Basic usage of the str.format() method looks like this:

#!/usr/bin/env python3

# Import math module
import math

print('The value of pi is approximately {:07.3f}'.format(math.pi))

print('{1} and {0}'.format('spam', 'eggs'))
The value of pi is approximately 003.142

eggs and spam

Using type-specific formatting:

#!/usr/bin/env python3

# Import datetime module
from datetime import datetime

curr = datetime.now()
print('{:%Y-%m-%d %H:%M:%S}'.format(curr))
# 2022-04-11 12:01:54

# Using the comma as a thousands separator:
print('{:,}'.format(1234567890))
# 1,234,567,890
2022-04-11 12:01:54

1,234,567,890

## Old String Formatting with % Operator

The % operator (modulo) can also be used for string formatting. Given 'string' % values, instances of % in string are replaced with zero or more elements of values. This operation is commonly known as string interpolation. For example:

#!/usr/bin/env python3

# Import math module
import math

print('PI :: %5.3f' % math.pi)

print('PI :: %007.3f' % math.pi)
PI :: 3.142
PI :: 003.142

The conversion flag characters are:

flag characters:
'#'
The value conversion will use the “alternate form” (where defined below).
'0'
The conversion will be zero padded for numeric values.
'-'
The converted value is left adjusted (overrides the '0' conversion if both are given).
' '
(a space) A blank should be left before a positive number (or empty string) produced by a signed conversion.
'+'
A sign character ('+' or '-') will precede the conversion (overrides a “space” flag).

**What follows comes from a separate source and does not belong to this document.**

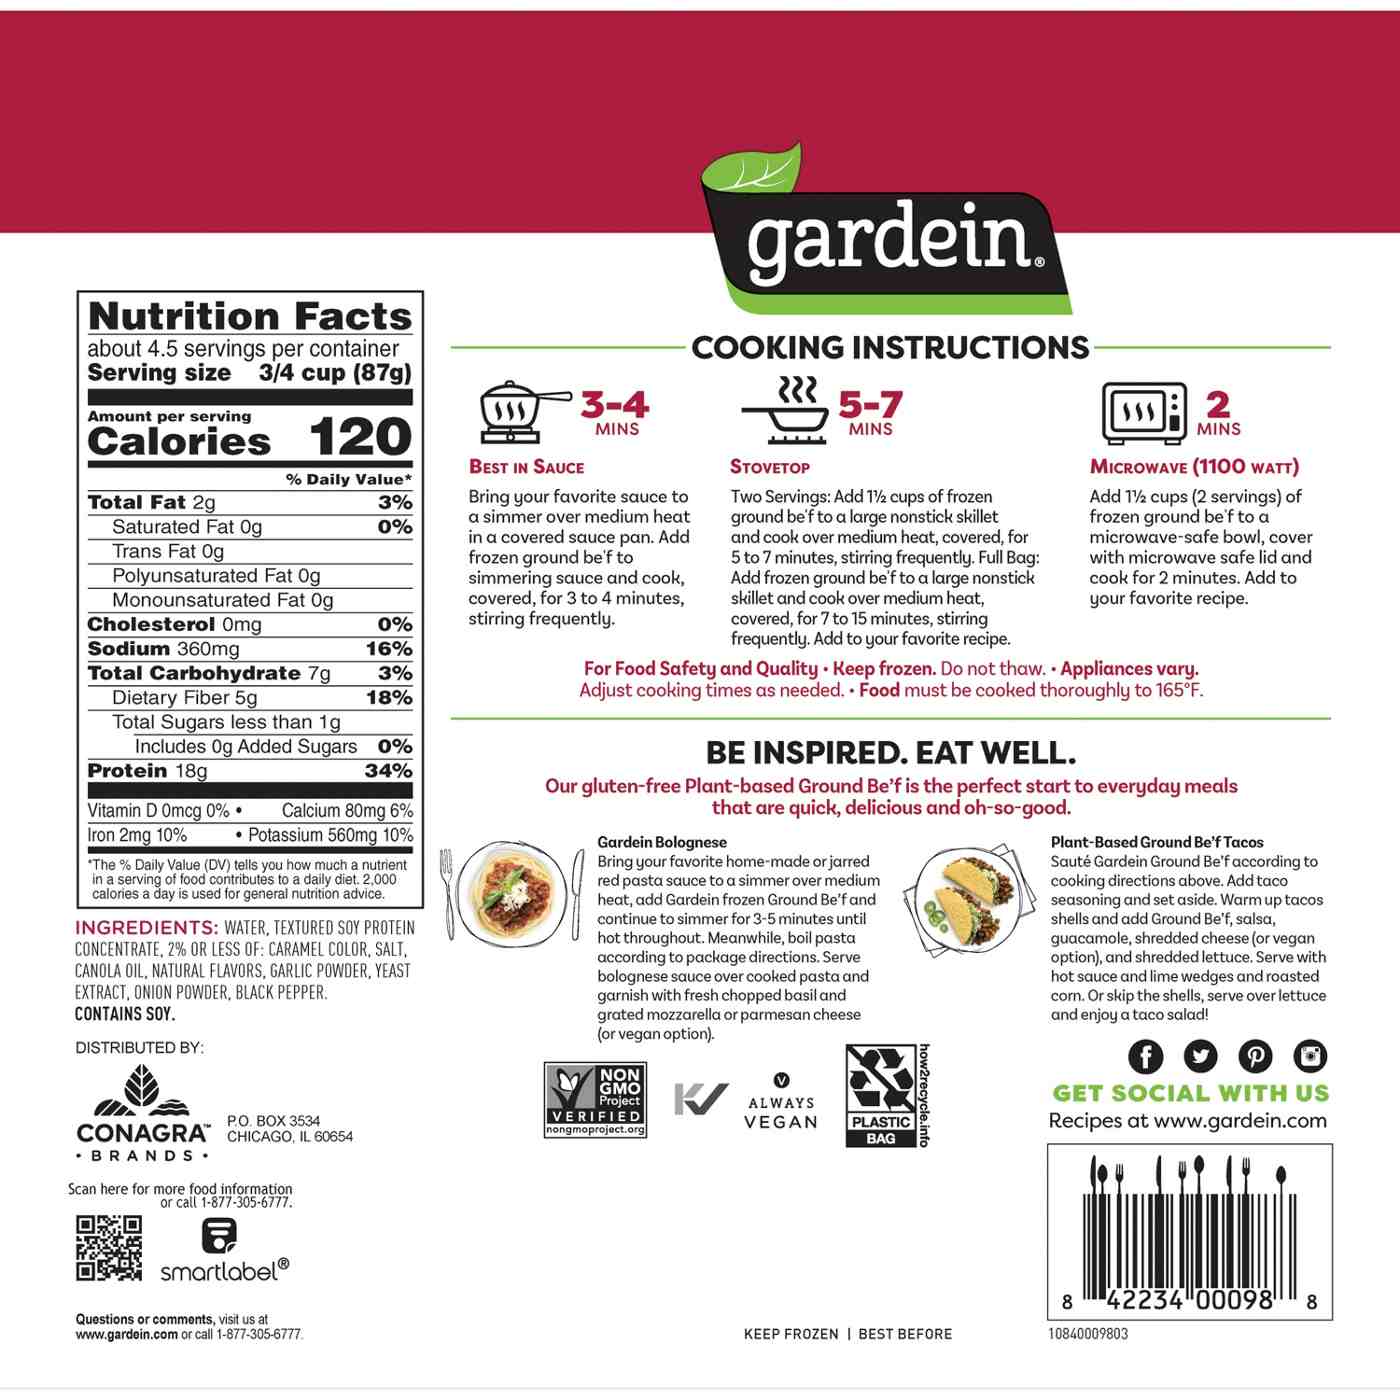 Gardein Vegan Frozen Gluten-Free Plant-Based Ground Be'f Crumbles; image 4 of 7

A length modifier (h, l, or L) may be present, but is ignored as it is not necessary for Python – so e.g. %ld is identical to %d.

The conversion types are:

types:
'd'
Signed integer decimal.
'i'
Signed integer decimal.
'o'
Signed octal value.
'u'
Obsolete type – it is identical to 'd'.
'x'
'X'
'e'
Floating point exponential format (lowercase).
'E'
Floating point exponential format (uppercase).
'f'
Floating point decimal format.
'F'
Floating point decimal format.
'g'
Floating point format. Uses lowercase exponential format if exponent is less than -4 or not less than precision, decimal format otherwise.
'G'
Floating point format. Uses uppercase exponential format if exponent is less than -4 or not less than precision, decimal format otherwise.
'c'
Single character (accepts integer or single character string).
'r'
String (converts any Python object using repr()).
's'
String (converts any Python object using str()).
'a'
String (converts any Python object using ascii()).
'%'
No argument is converted, results in a '%' character in the result.